Nevada Told to Take Yucca Mountain Money

 

Feb 28 - Las Vegas Review - Journal

Nuclear waste can be safely stored in Yucca Mountain and the state should consider negotiating for financial benefits in exchange for accepting the long-delayed nuclear repository, a member of Gov. Jim Gibbons' transition team and former Reagan administration security official said Tuesday.

Ty Cobb told a gathering of Reno business and political leaders that some money from a $27.1 billion national fund to construct the repository could be given to the state.

"The money is there," said Cobb, a former Army colonel, National Security Council and CIA operative. "The monetary benefits are there and warrant a reappraisal of the state stance."

But Bob Loux, director of the Nevada Agency for Nuclear Projects, responded that no money is available for Nevada. He said the latest estimates are that the repository, 100 miles northwest of Las Vegas, will cost more than $100 billion if it is ever built, and taxpayers will end up paying for half of that.

He said one-third of the workers at the site have been laid off and Congress has limited funds. He said both Democratic presidential candidates want to scrap the project.

Loux said the state could have claimed $10 million a year for accepting the dump, but that offer expired long ago.

He said every poll for decades has shown overwhelming citizen opposition to the repository. Loux has voiced the state viewpoint against the dump for every governor since 1984.

While Nevada state government revenues have fallen short of projections by $565 million because of a weakened economy, Gibbons remains opposed to the repository, Loux said in an interview last week.

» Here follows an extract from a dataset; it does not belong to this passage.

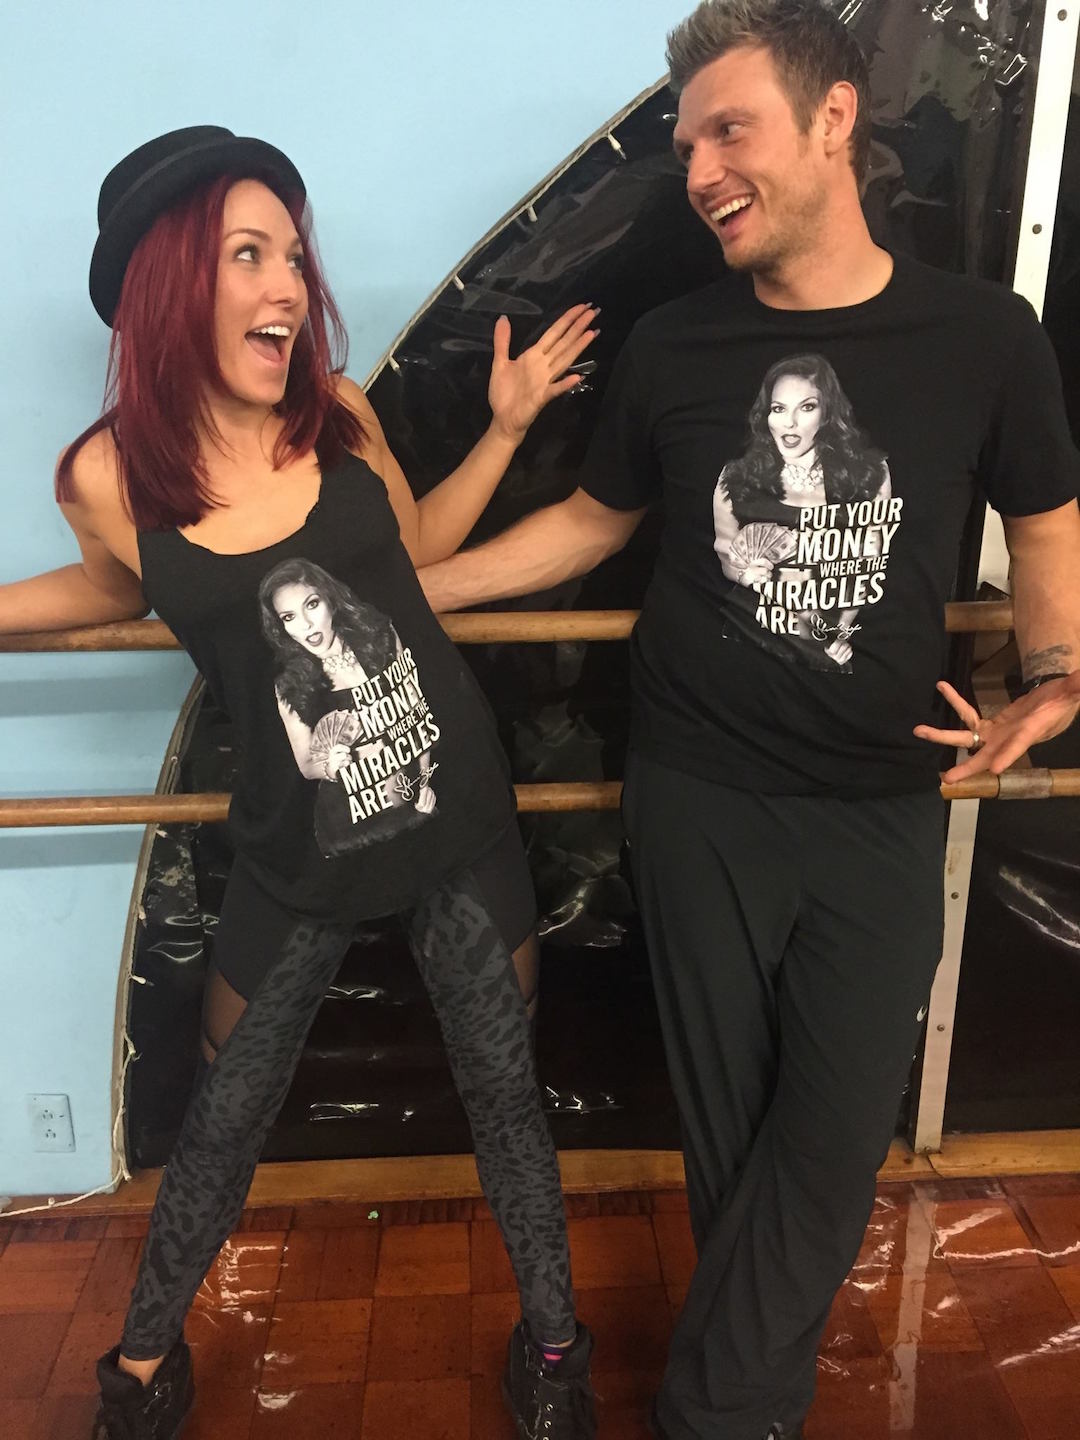 ​Sharna Burgess and Nick Carter from ABC's "Dancing with the Stars" wear her new T-shirt. (Photo submitted by MLC PR)
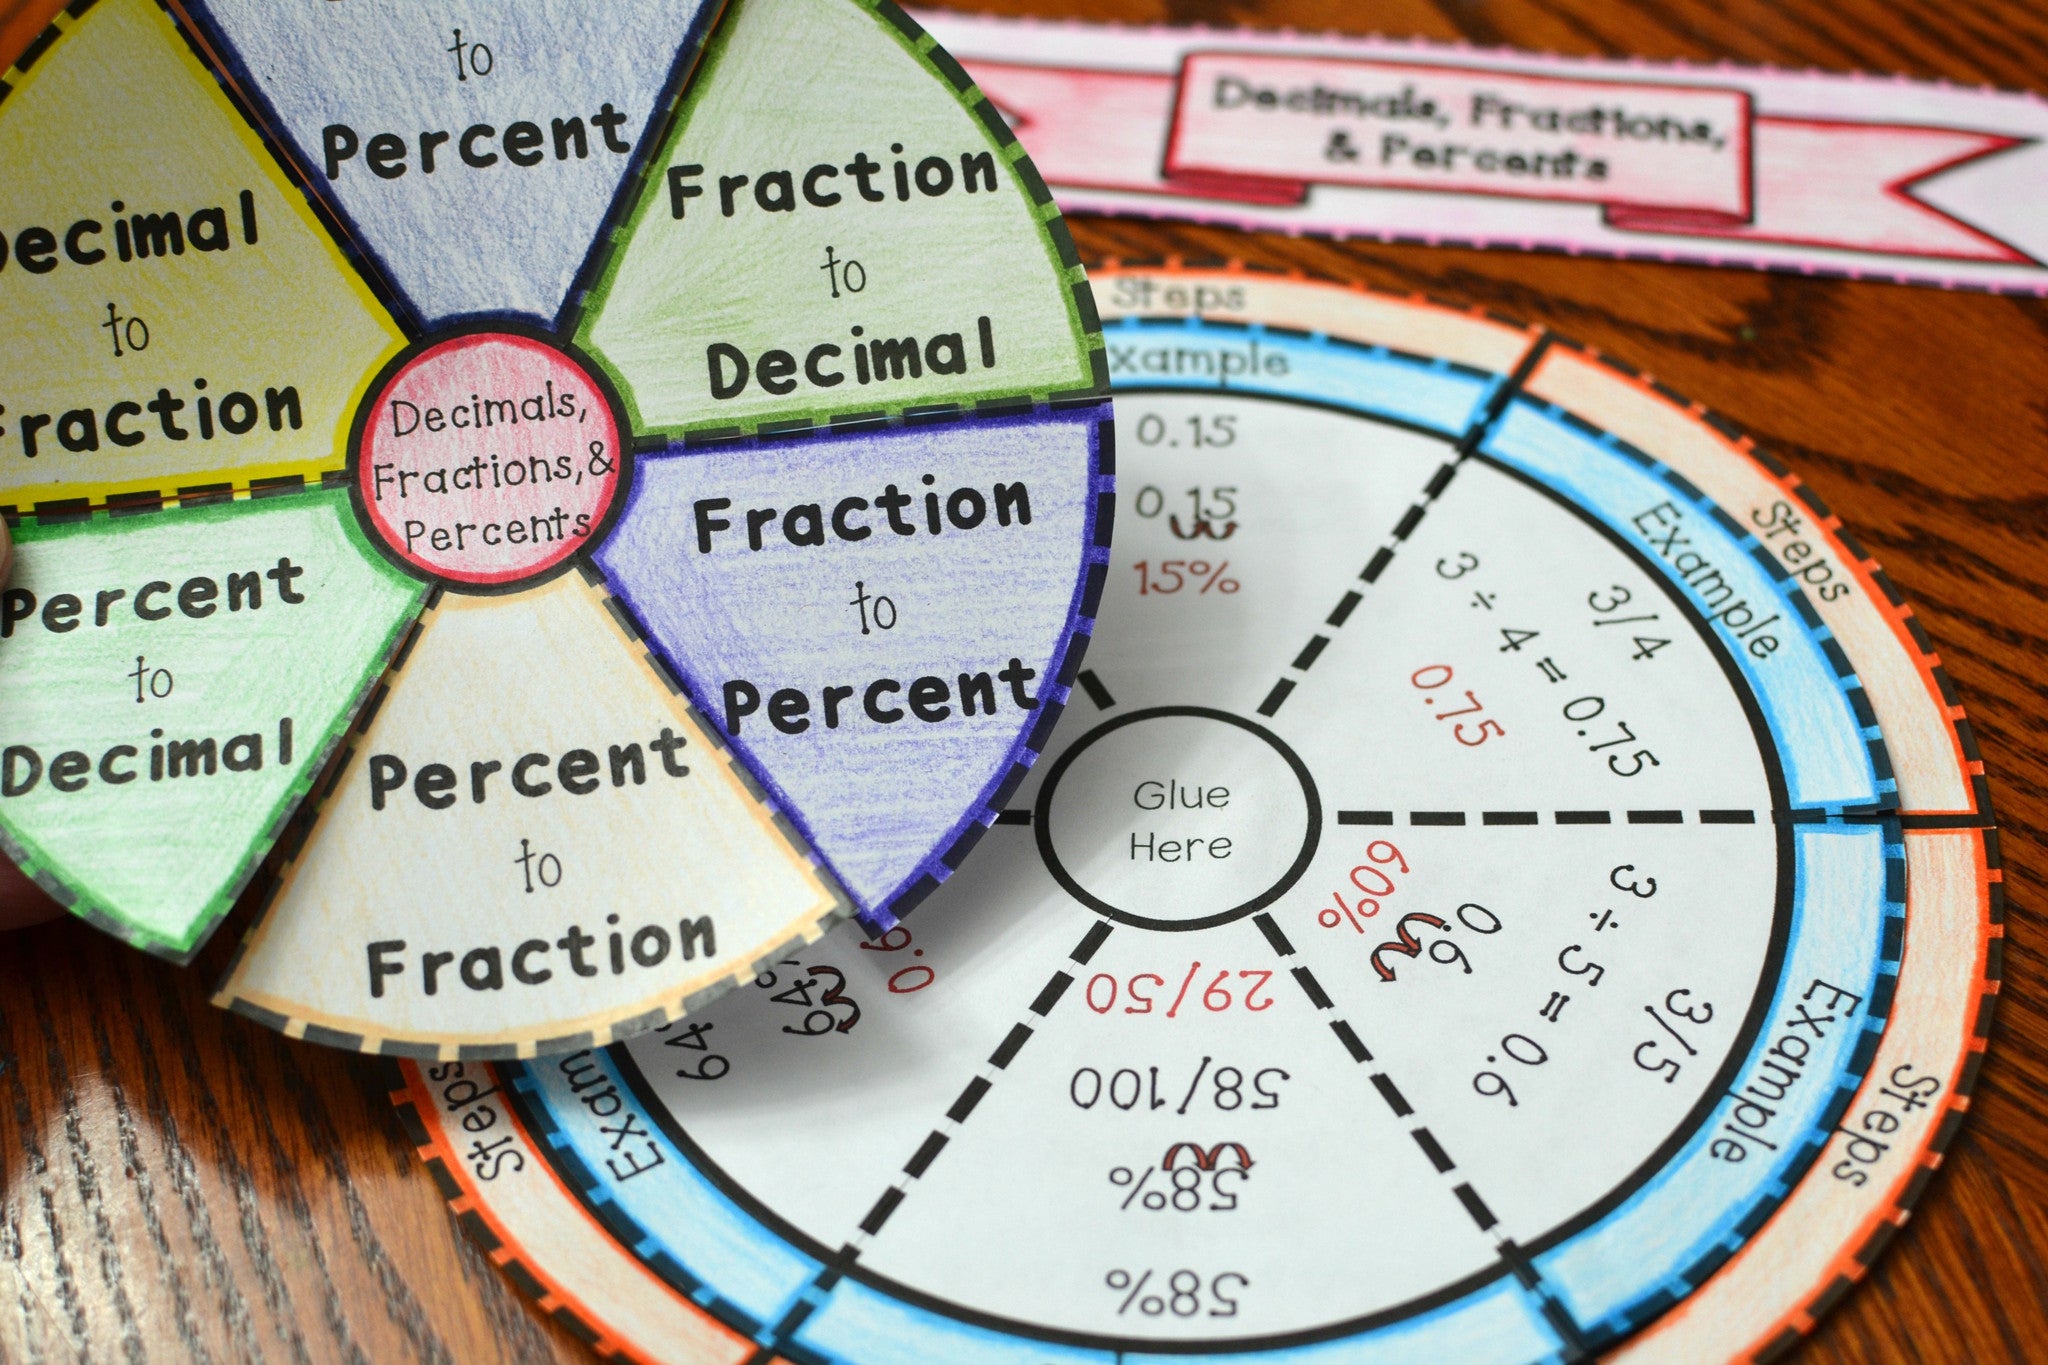 Decimals, Fractions, and Percents Wheel Spinner - Math in Demand

Before the presentation, University of Nevada, Reno professor John Scire and Cobb released a position paper asking the state to "undertake a neutral, unbiased assessment" of the repository.

They argued that a new appraisal would find that waste can be safely transported by armed guards to the Nevada site. Waste stored in Yucca Mountain would be far more secure from terrorists than continuing to store it at 73 nuclear power plants around the country, they concluded.

Cobb, who is the father of Assemblyman Ty Cobb, R-Reno, even said that an earthquake along the lines of the one that struck Wells last week would not penetrate the waste in casks buried beneath Yucca Mountain.

And he said Illinois has drawn $3 billion and Pennsylvania $2 billion out of the nuclear waste fund.

"And Nevada? The state government hasn't drawn a red cent? The rationale is that should Nevada begin to negotiate for a slice of this funding, it would compromise its 'No Repository Here' stance," he said.

Loux said Cobb was mistaken and had actually cited what Illinois and Pennsylvania ratepayers paid into the waste fund.

"No state has ever drawn money out of the waste fund," Loux said.

But in an interview after the meeting, Cobb even said the power generating states "want to pay us."

Loux questioned whether a Yucca Mountain repository ever could be safe. He said the Energy Department has been called "incompetent" by the Congressional Government Accounting Office.

All 127 nuclear facilities constructed by the DOE have leaked, and cleanup costs the government $500 million a year, he said.

But Scire called Loux's comments "propaganda" and contended DOE inherited facilities in which sloppy work was conducted by the Department of Defense.

Despite joining Cobb in preparing the position statement, Scire said he did not care whether the repository is ever completed.

He said the waste can remain for now outside nuclear plants and eventually be reprocessed.